Luiz A. G. Cancello
Quem lê o título e não mora em Santos pode pensar que os músicos tocam debaixo d’água. Não é bem isso.
O aquário de Santos fica numa praça muito bem urbanizada, a beira mar. Todo sábado tem um sarau aberto ao público. Por algum motivo a grande maioria das pessoas que vêm assistir ao show é da terceira idade. Há cadeiras de plástico oferecidas pela prefeitura, mas muitos levam suas próprias cadeiras de praia. Acho um lugar fornecido pelo poder público e me sento, justificando uma parcela dos impostos que pago.
Vim prestigiar os músicos, todos meus amigos.
Passam o som — aquela hora barulhenta em que ficam regulando a altura e o timbre dos instrumentos, flauta, violão, pandeiro e voz — e começam a tocar. Tudo certo, de acordo com a programação.
De repente vejo uma porção de velhinhas e velhinhos olhando para cima. Lá está ele, o motivo de curiosidade, um drone. Um senhor, ao meu lado, pergunta a outro: “Como é mesmo o nome desse avião?”

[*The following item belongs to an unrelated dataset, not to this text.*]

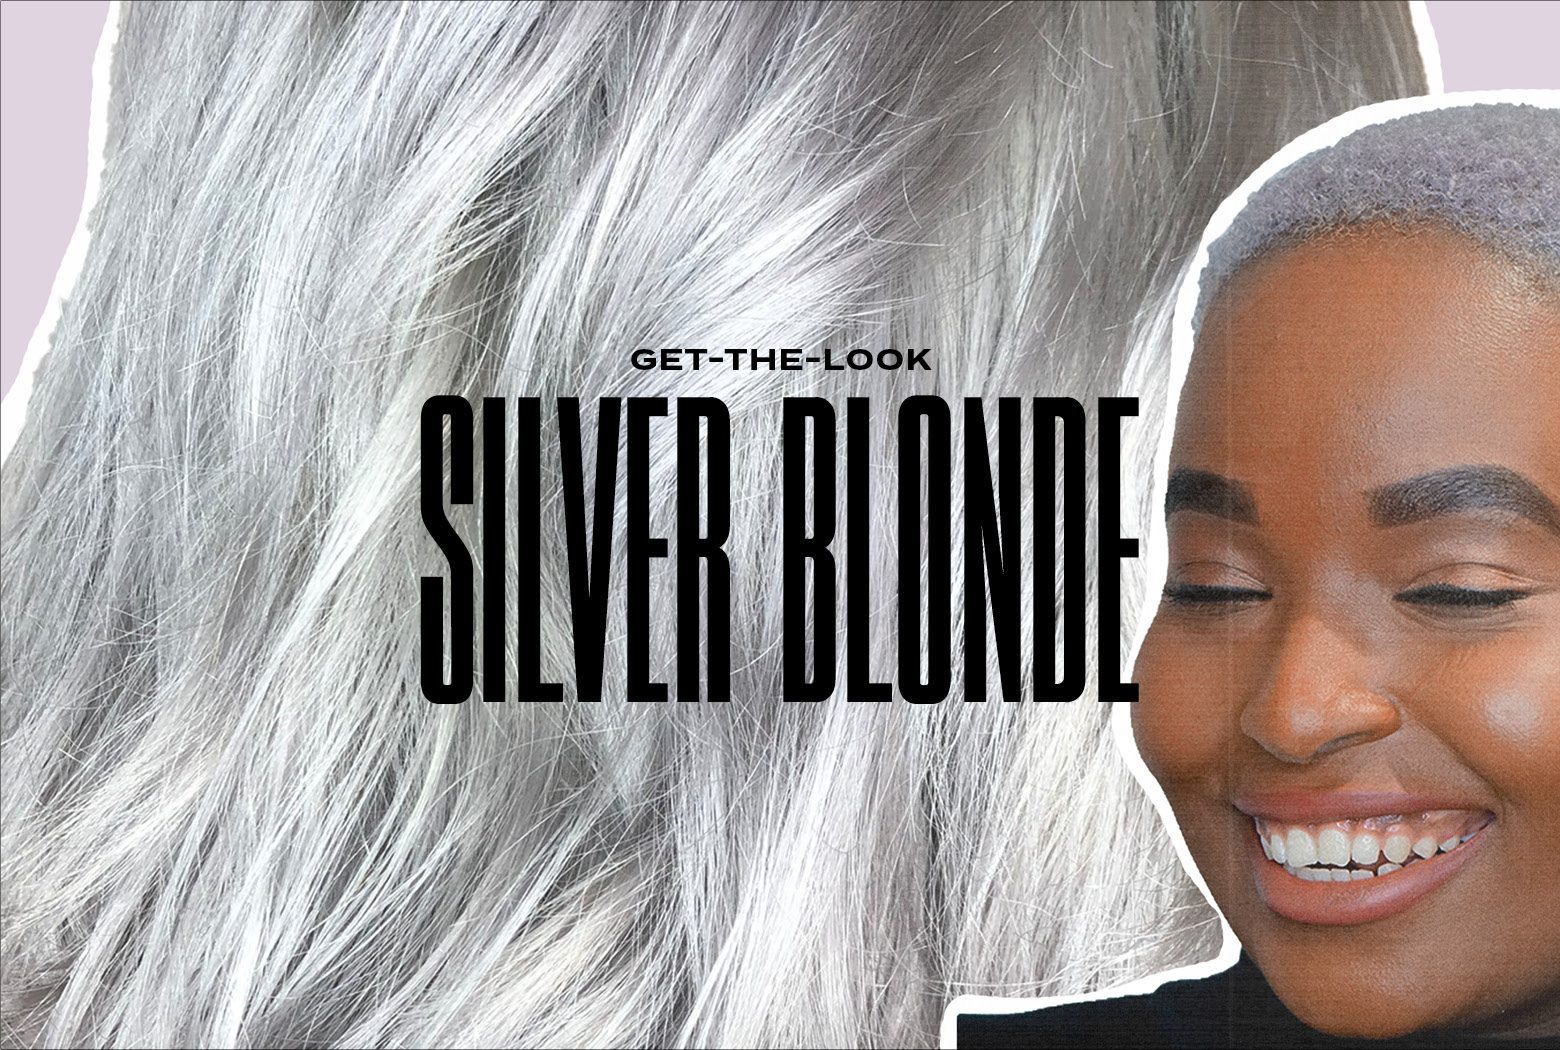 Silver Blonde image

O objeto voador sobrevoa a praça a grande altitude. Faz manobras muito rápidas, muda de direção de repente, para no ar. Haja pescoço, os bicos de papagaio das cervicais devem ter sofrido. Os idosos levantam os braços, apontando, mostrando aquele prodígio aos outros, como se alguém não estivesse vendo. E a música rolando, ótima. Ouvidos no palco, olhos no céu. Depois de algum tempo o drone desce e todos veem, admirados, aquele ícone dos tempos modernos pousar com suavidade na mão do piloto.
Enfim os olhares voltam-se para os músicos, que atacam de Jobim a Pixinguinha. O mestre da bossa faria 90 anos por estes dias, o grande chorão teria 120 anos, se fosse vivo. Tudo isso um dos integrantes do grupo vai explicando para a plateia. Alguns ali seriam contemporâneos do Jobim, outros ainda lembrariam de ter visto o Pixinguinha ao vivo. Efemérides, homenagens, as mais belas canções correm soltas, com fluidez e competência. Muitas palmas, sempre.

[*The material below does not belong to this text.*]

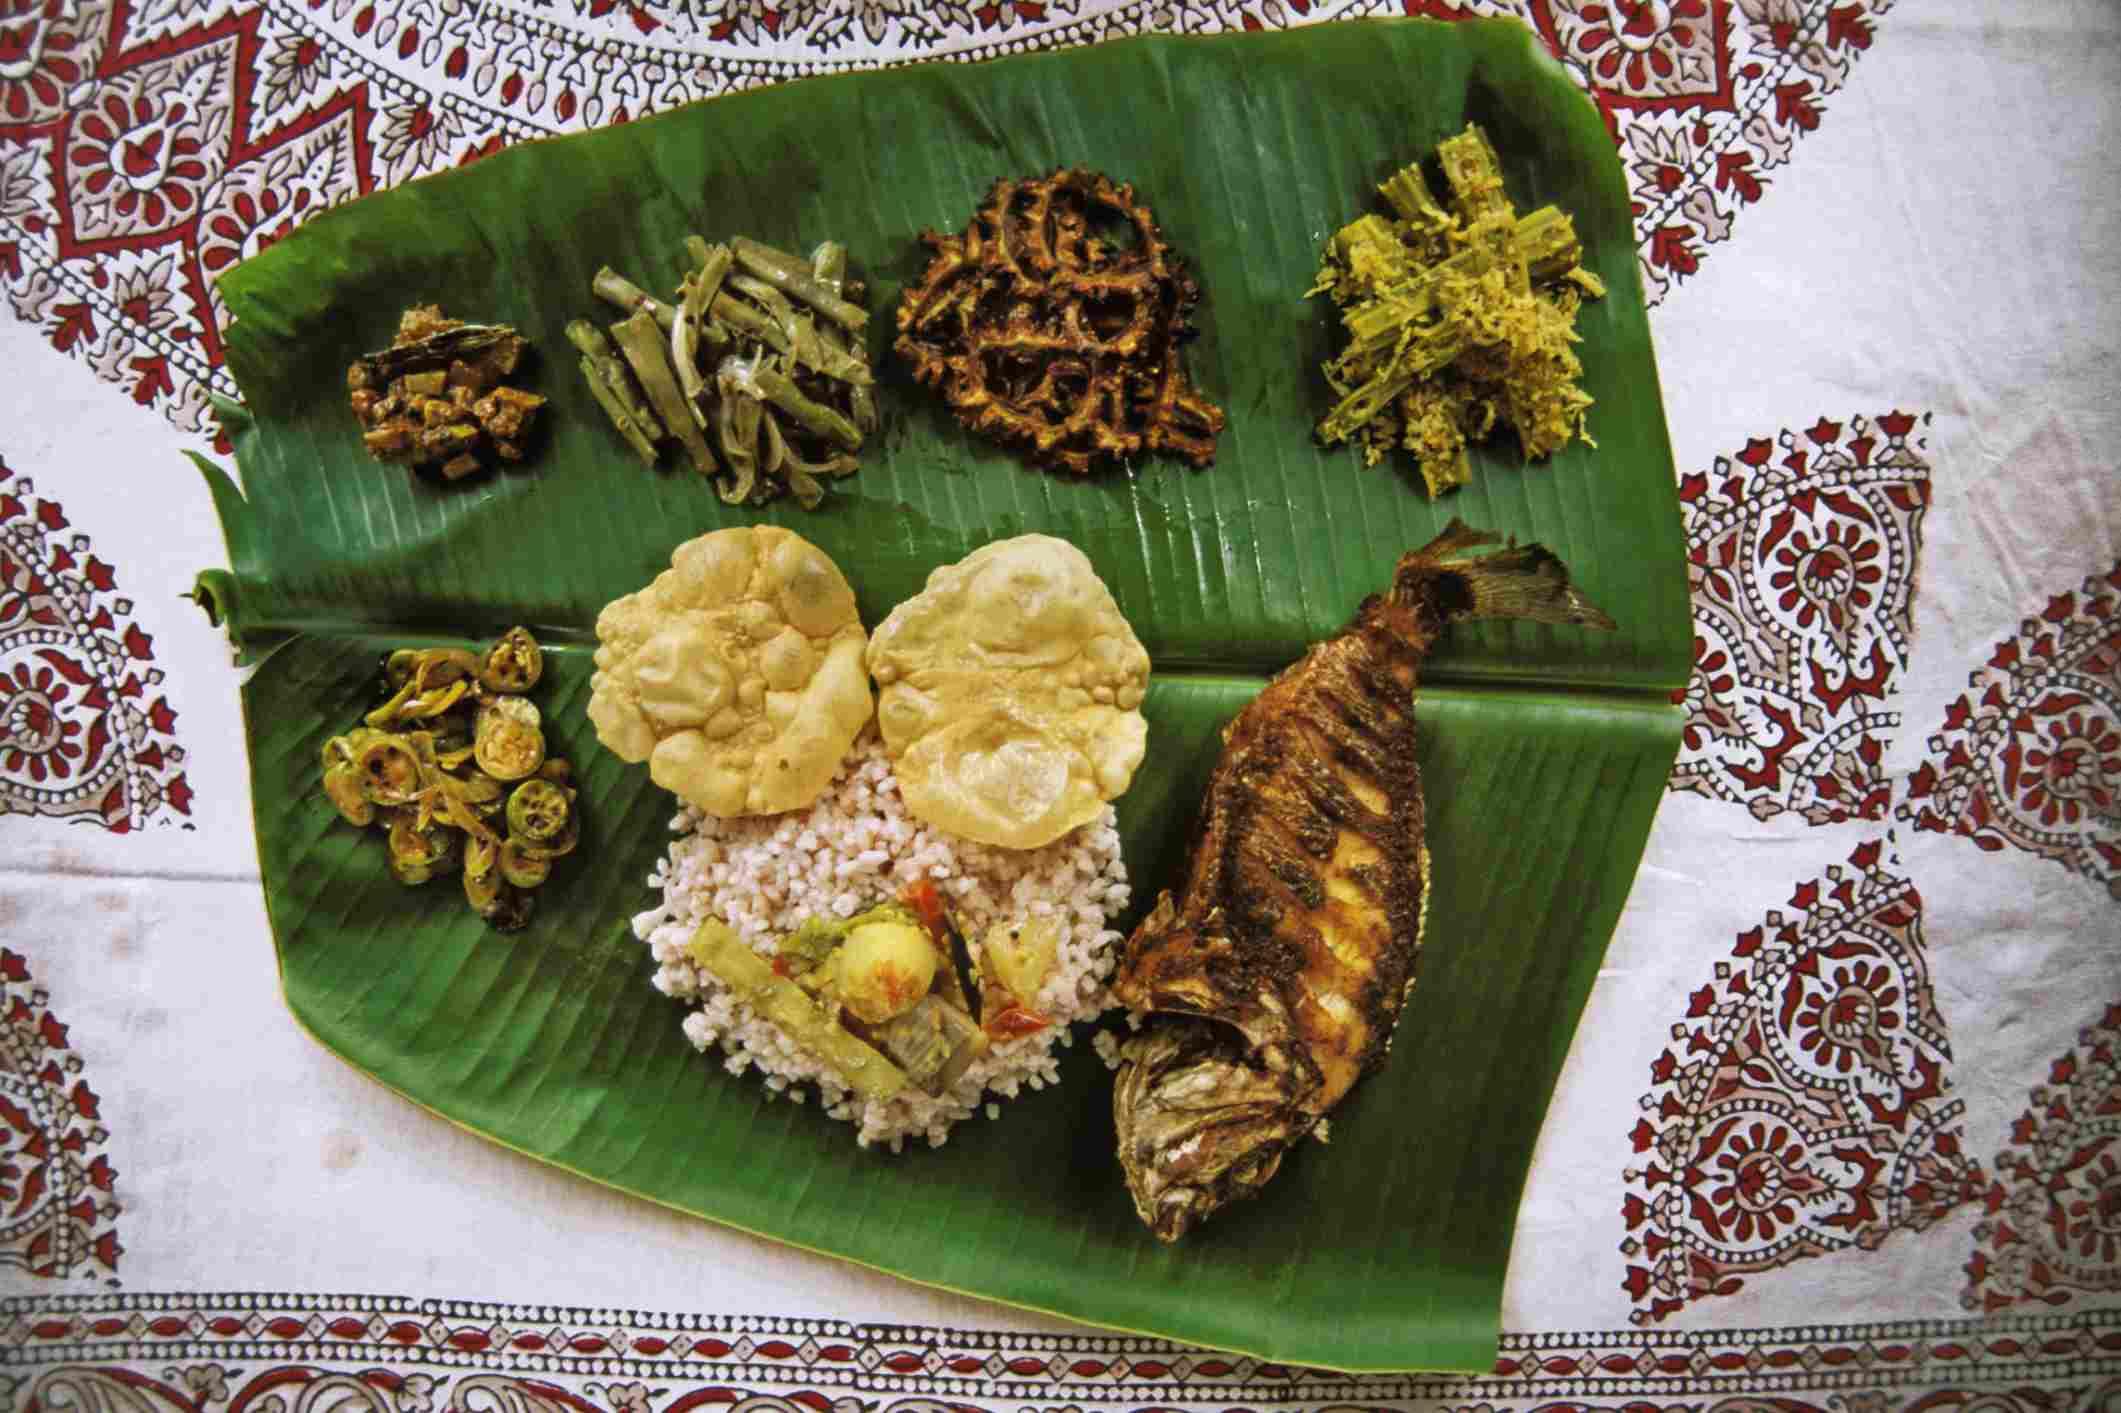 Kerala cuisine, served on a banana leaf.

A coisa continua, um deleite, e eis que surge um navio enorme na saída da barra. “Olha que grande!”, já se ouve, e novamente se dissociam olhos e ouvidos, aqueles no mar e estes na música, ainda bem que o cérebro consegue perceber duas coisas ao mesmo tempo. O colosso passa devagar, os passageiros a estibordo, dando tchauzinho. Alguns espectadores acenam, todos pareciam felizes. E o som rolando, a tarde está linda, a chuva anunciada não aconteceu.
Já escurece quando os músicos anunciam a saideira. Protestos, “Toca mais uma!”, alguém sempre pede “aquela” que não estava na programação do grupo, alguns velhinhos já saem da praça para não tomar sereno, outros felicitam os músicos, tudo faz parte do final do verão.

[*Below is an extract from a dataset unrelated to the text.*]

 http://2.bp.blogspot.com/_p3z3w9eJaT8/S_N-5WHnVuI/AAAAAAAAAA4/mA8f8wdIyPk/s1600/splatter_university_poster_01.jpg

Fico um tempo ali, sentado, pensando. Dividido e perdido entre diversas emoções, tento entender o conjunto dos acontecimentos e o deslumbramento dos idosos. Coincidência acontecem, é claro. Música, drones e navios podem aparecer em sequência, sem mais nem menos, na mesma tarde. Mas eu desconfio que, em certos dias, algo de especial acontece. Será que alguém fez um roteiro? Recuso-me a atribuir o fenômeno a instâncias sobrenaturais, embora não tenha explicações alternativas. Fica o mistério.
Despeço-me de todos e vou para o boteco tomar uma cerveja previsível.